Joe Grossberg - 20th June 2003 17:37 - #
I dunno, I've implemented RSS twice before. Its not really rocket science. I find most of the compliants I hear are from by people who haven't ever implemented a "hard" protocol. Write a TCP/IP stack then complain about how hard it is to support RSS. Hell, write an HTTP implementation that is cross system compliant. Then complain about RSS.
However, since we're talking about the ideal world here. One thing that would've made things easier for me, as an implementor, is a barebones RSS document. A simple, very stupid sample that represented all that was required to have a valid, standards compliant RSS 2.0 feed (I've chosen not to support RSS 1.0.) Once I had such a feed, the RSS 2.0 specification would be perfect. Just choose the extra elements, and plop them in where necessary. Rinse and Revalidate.
Sterling Hughes - 20th June 2003 17:46 - #
Joe, I think I can try to field that one. RSS is the syndication format - it consits of an XML document with a channel section describing the feed, and a bunch of items decribing each item in the feed. There are numerous different versions but they all have channel information and item details in common.
RDF is something very different. It's a way of representing "triples" of metadata - stuff like [Simon Willison] [is the author of] [http://simon.incutio.com/]. It's the cornerstone of the proposed semantic web, and is somewhat tricky to get your head around (there's a good thread going on Diveintomark at the moment about it).
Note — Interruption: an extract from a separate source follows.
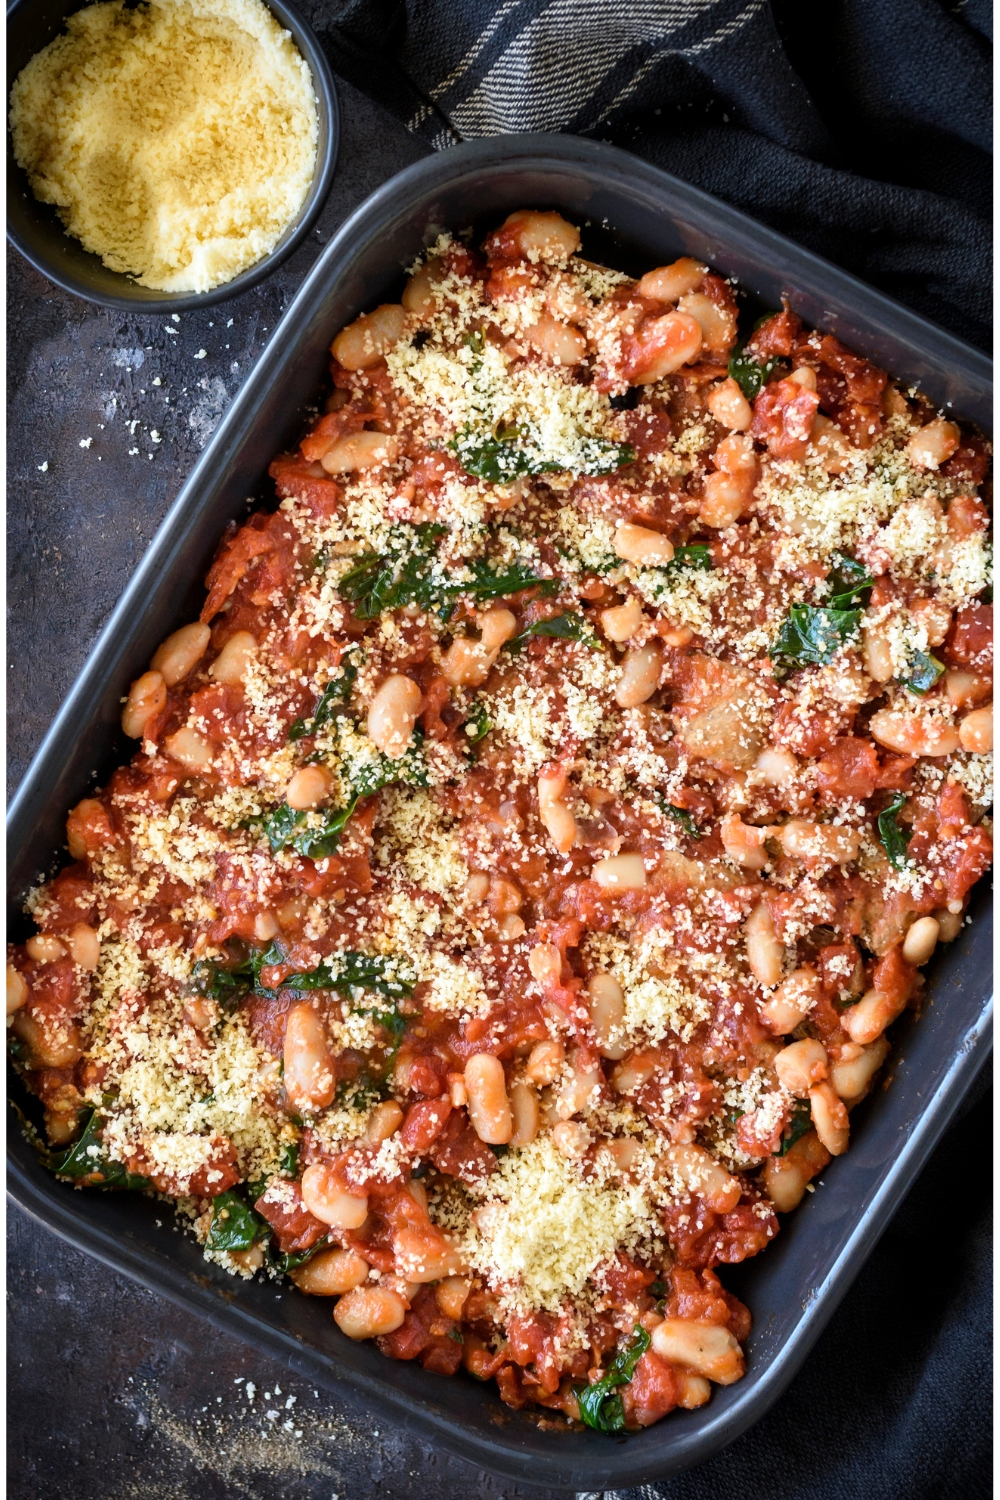 A baking dish filled with tomato casserole covered in parmesan cheese.

The reason the two get confused is that RSS 1.0 (which is just one of the several competing RSS versions) attempted to combine RSS with RDF, as it was thought that would make the specification more extensible.
It's all a bit of a mess really. Mark Pilgrim's History of the RSS fork goes a long way towards untangling the difference between RSS 1.0 and RSS 0.9x - RSS 2.0 is Dave Winer's most recent version of the spec which has been gaining a lot of mindshare recently, mainly because it does everything RSS needs to do and can be extended via namespaces, aka funk.
Simon Willison - 20th June 2003 18:41 - #
Joe Grossberg - 20th June 2003 18:47 - #
Daniel Glazman - 20th June 2003 21:40 - #
Two proposals for discussion:
Ken MacLeod - 20th June 2003 23:16 - #
it does everything RSS needs to do and can be extended via namespaces, aka funk.
That's it? That's the "funk" Dave's on about? Namespaces?
scottandrew - 21st June 2003 00:15 - #
Scott: I think so.
Everyone else: this is linked from Scripting News now as "a quiet conversation on RSS" - so be nice :)
Simon Willison - 21st June 2003 00:33 - #
Boy, that selection of "related links" is kind of weird.
Speaking only for myself I'd like there to be a syndication format which is
Agreed that RSS "as she are spoke" isn't that hard to implement. But the politics are really hard, and (as I argued) apt to frighten outsiders.
Tim Bray - 21st June 2003 01:04 - #
Simon, I wanted to try an experiment to see if we could set expectations high.
Since you started out on the high road, I thought let's see if we can stay there.
Tim, what does 100 percent vendor neutral mean?Dave Winer - 21st June 2003 01:17 - #
Dave: Like Caesar's wife, or a Supreme Court justice. Not only pure, but seen to be pure. No suspicion of ownership, control, or undue influence by any interested vendor.
The usual way to achieve this is to get the stamp of a "Standards Body." But that's slow, bureaucratic, and irritating. Is there a better way?
Tim Bray - 21st June 2003 02:30 - #
IMHO, now that the core is frozen, there is less of a concern of vendor neutrality for that portion. At this point, the dialog moves on to the vendor neutrality in the development, documentation, and advocacy of modules.
A clean and thorough specification will likely be a harder nut to crack. This will be difficult to achieve without tightening up the specification.
Sam Ruby - 21st June 2003 02:44 - #
Hehe, they do appear to be a bit biased in this case. They're generated using MySQL's full-text indexing so I don't have any control over what comes up.